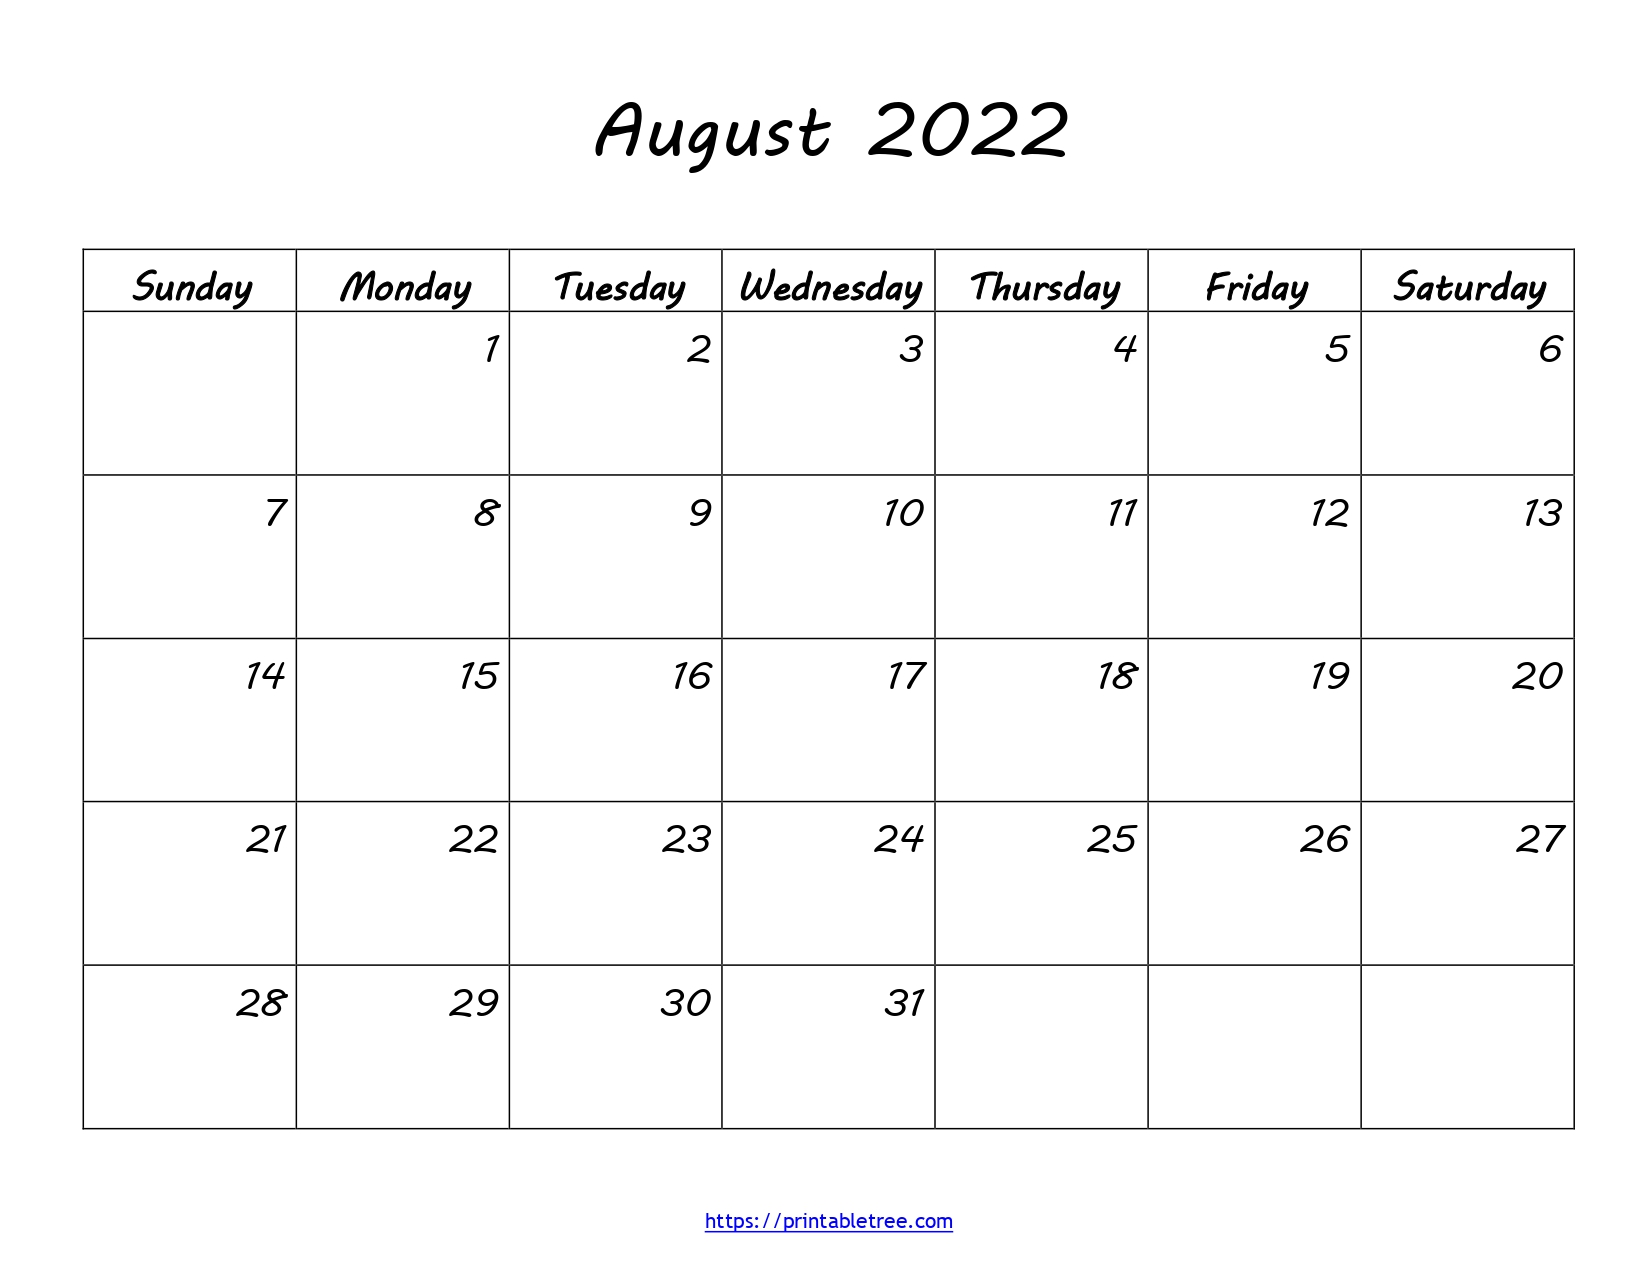 Free Printable August 2022 Calendars Wiki Calendar Free Printable August 2022 Calendar Instant
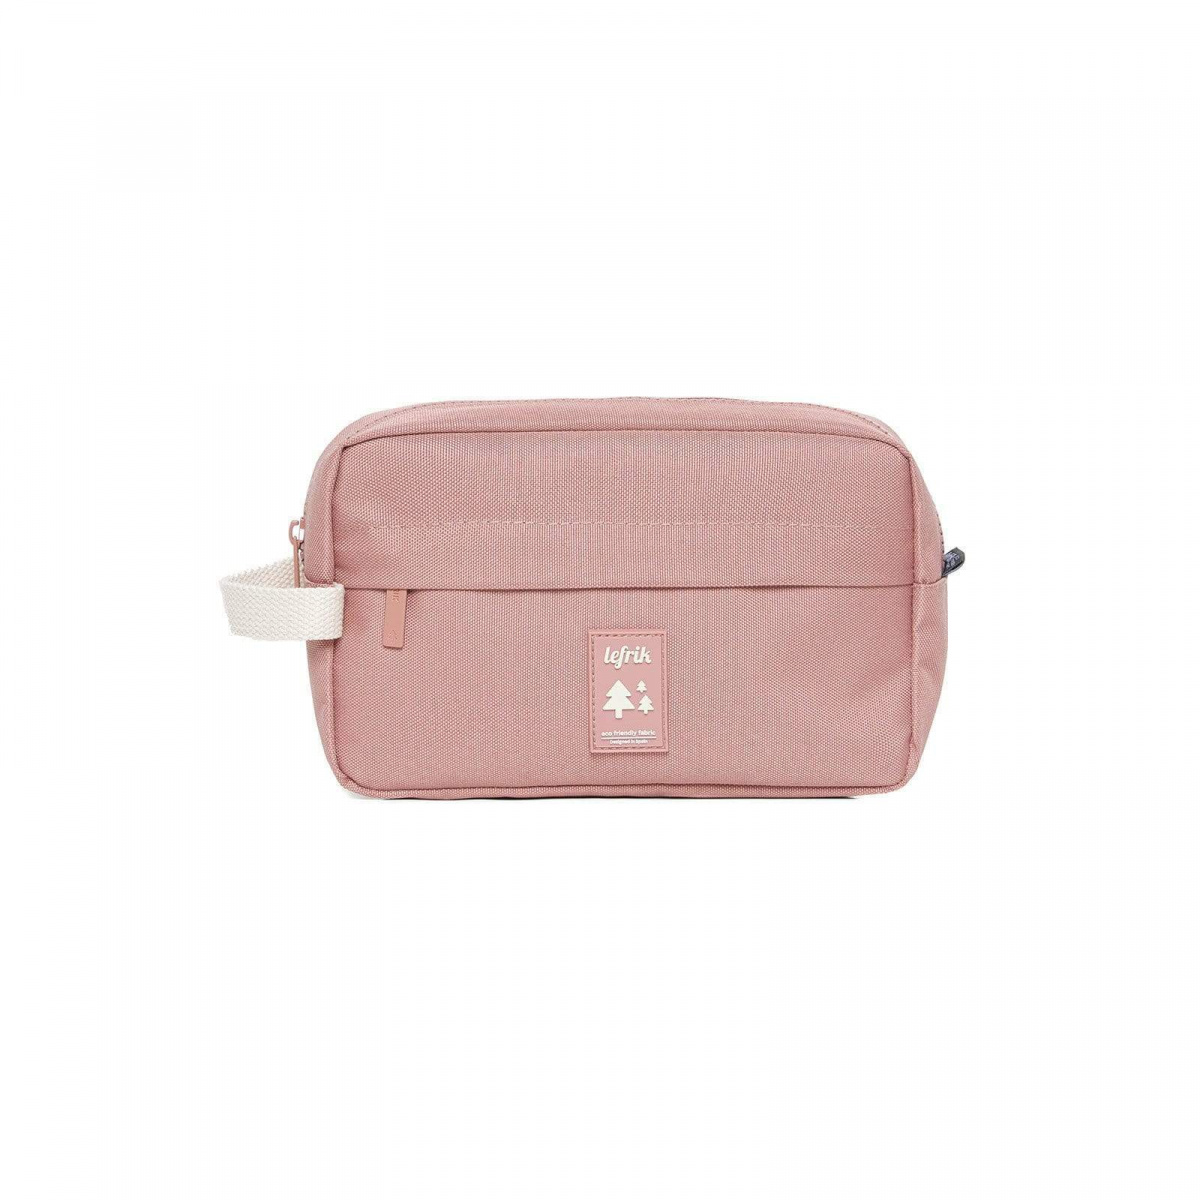 Поясная сумка женская Lefrik Lithe Bag, dust pink
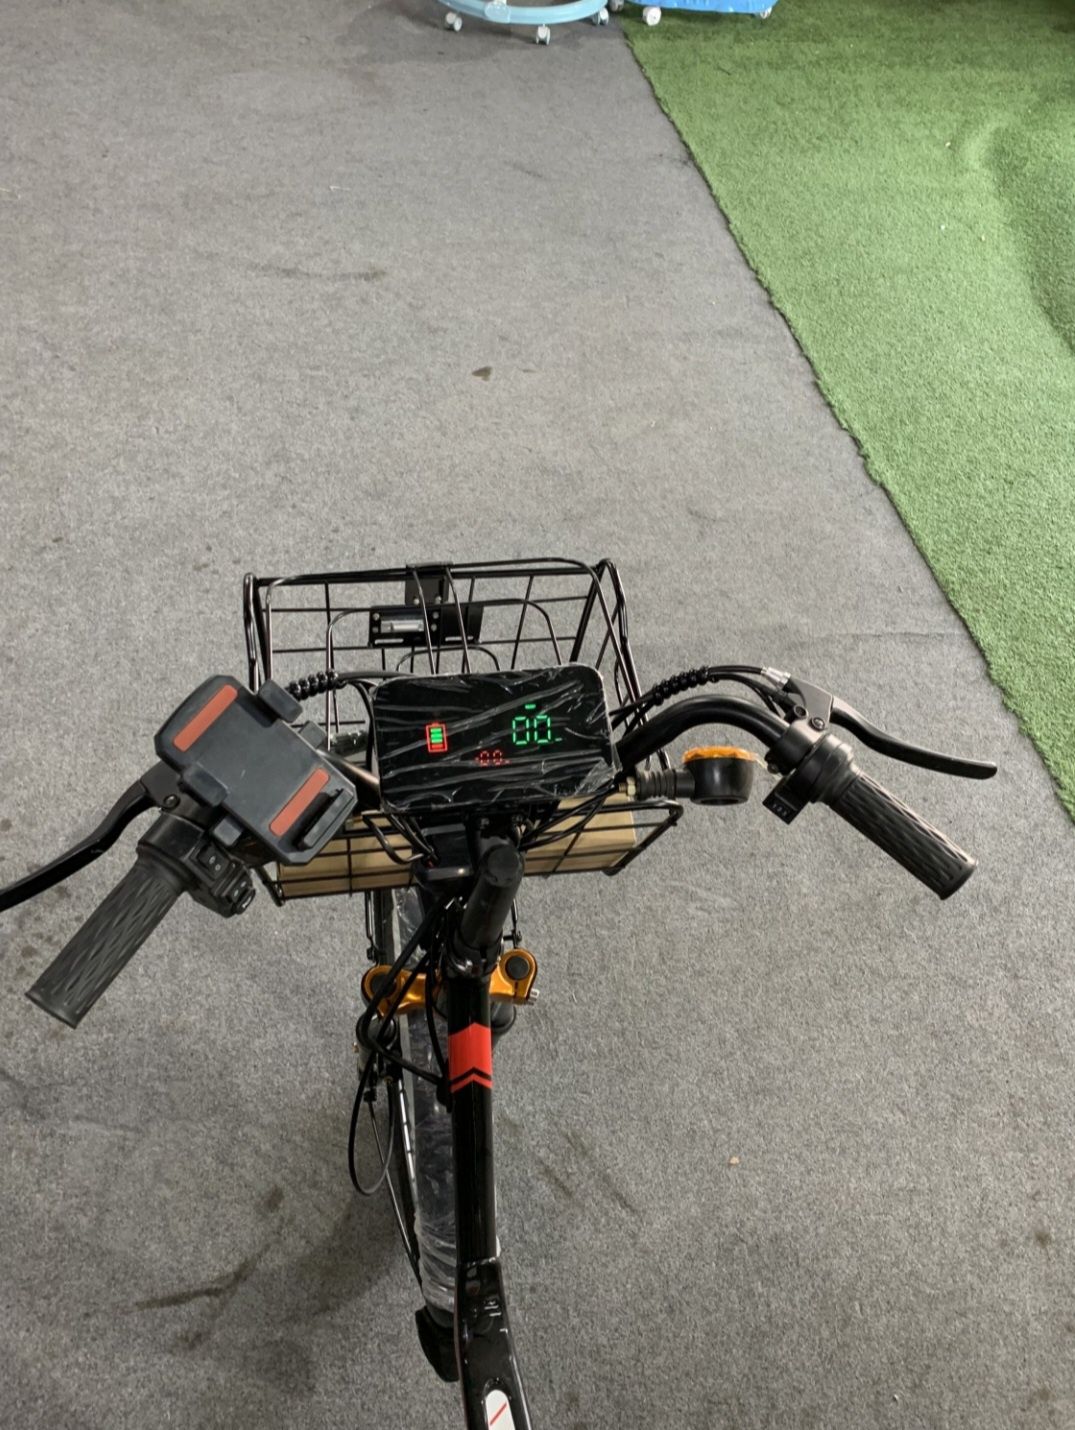 электро велосипед оптом/дона СКИДКА велоскутер

————

Restate each line above exactly, keeping pictures out.

 Free Printable August 2022 Calendars Wiki Calendar Free Printable August 2022 Calendar Instant
 Поясная сумка женская Lefrik Lithe Bag, dust pink
 электро велосипед оптом/дона СКИДКА велоскутер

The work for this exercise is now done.